Saturday, April 20, 2013

R is for Relationships

     One of my dictionary sources (dictionary.com) gives four definitions for “relationship.”  The noun, in a general sense means “a connection, association, or involvement.” That’s pretty broad and it encompasses the remaining three definitions of “relationships” which are a blood/marriage, emotional, or sexual connection/association/involvement. The term came into being in the mid 1700’s.

     I began this blog, naming it “Romance Righter” for two major reasons: 1) blatant self-promotion for my romance novels (truth in advertising!) and 2) because I’ve always been told that I can see with clarity into interactions among people. Lots of folks have asked for my advice and insights. Never shy, I gladly give my opinions! This blog provides a forum for that as does Twitter where I am @RomanceRighter.

     I enjoy people, and I am a happy camper myself. I wish for others to have that stability in relationships that allow me to flourish--not just survive--not just be happy. But my life with family and friends encourages me to flourish.

     I wrote about flourish earlier this month, so you know that’s important to me.

     I see so many people settling for less in relationships than they deserve for a variety of reasons--fear of loneliness, fear of never being loved, fear that they don’t deserve happiness, fear of the other person, and any number of other negative reasons to keep someone close to them.

     Baloney!
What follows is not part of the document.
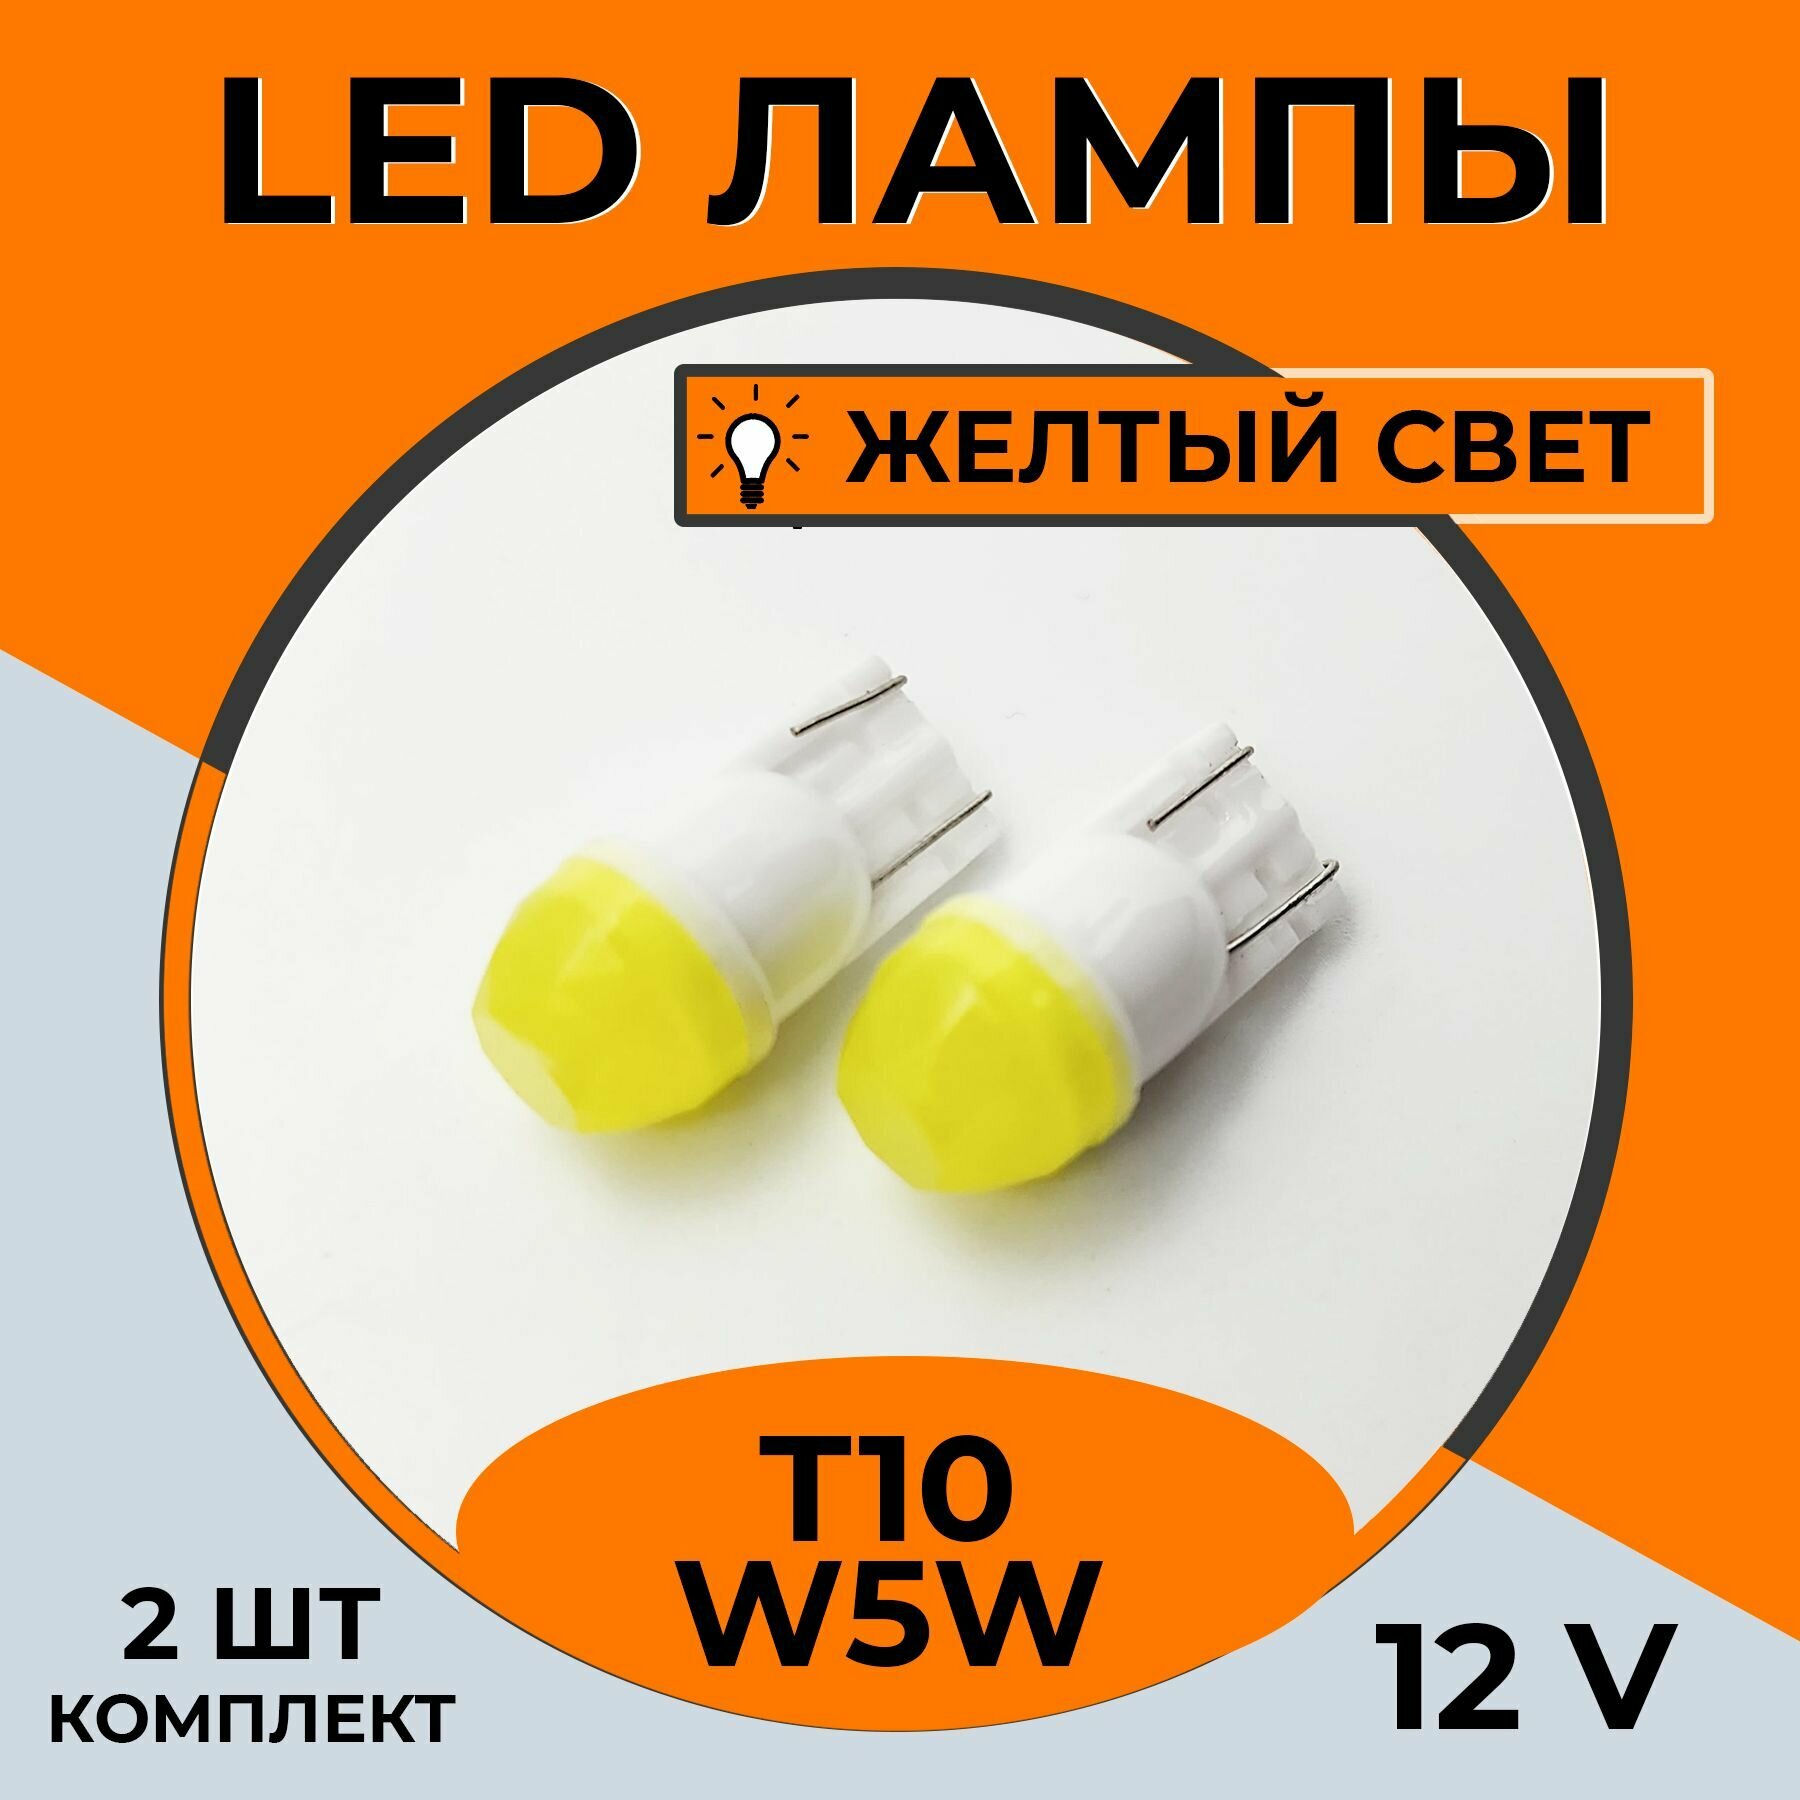 Автомобильная светодиодная LED лампа T10 W5W для подсветки салона, багажника, 12в желтый свет, 2 шт

I hope through this column and @RomanceRighter to help others see they should grab for stable relationships that are mutually beneficial.

     Thus the quiz yesterday. Sure it was meant for fun. Mostly. But if you found yourself with a bunch of “yes” responses, I hope you examine your relationship in light of the patterns you saw. What areas do you need to work on? When is it time to call it quits instead of throwing good energy after bad?

     Everyone deserves healthy relationships in their lives--family, friends, lovers. It doesn’t matter. If yours aren’t healthy, divest yourself of the negative ones and search for the positive ones.

     Look for a relationship with someone who makes you better than you were, makes you feel better about yourself. And someone for whom you do the same.